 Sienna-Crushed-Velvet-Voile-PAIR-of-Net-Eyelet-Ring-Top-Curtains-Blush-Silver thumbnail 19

* * *

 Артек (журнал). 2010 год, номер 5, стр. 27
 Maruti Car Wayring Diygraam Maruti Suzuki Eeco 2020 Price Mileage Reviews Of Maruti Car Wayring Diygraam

Problem statement:
Set down, from the entries above, exactly the lines from the one with "Артек (журнал). 2010 год, номер 5, стр. 27" up to and including the one with "Maruti Car Wayring Diygraam Maruti", and no other lines.

Response area:
 Артек (журнал). 2010 год, номер 5, стр. 27
 Maruti Car Wayring Diygraam Maruti Suzuki Eeco 2020 Price Mileage Reviews Of Maruti Car Wayring Diygraam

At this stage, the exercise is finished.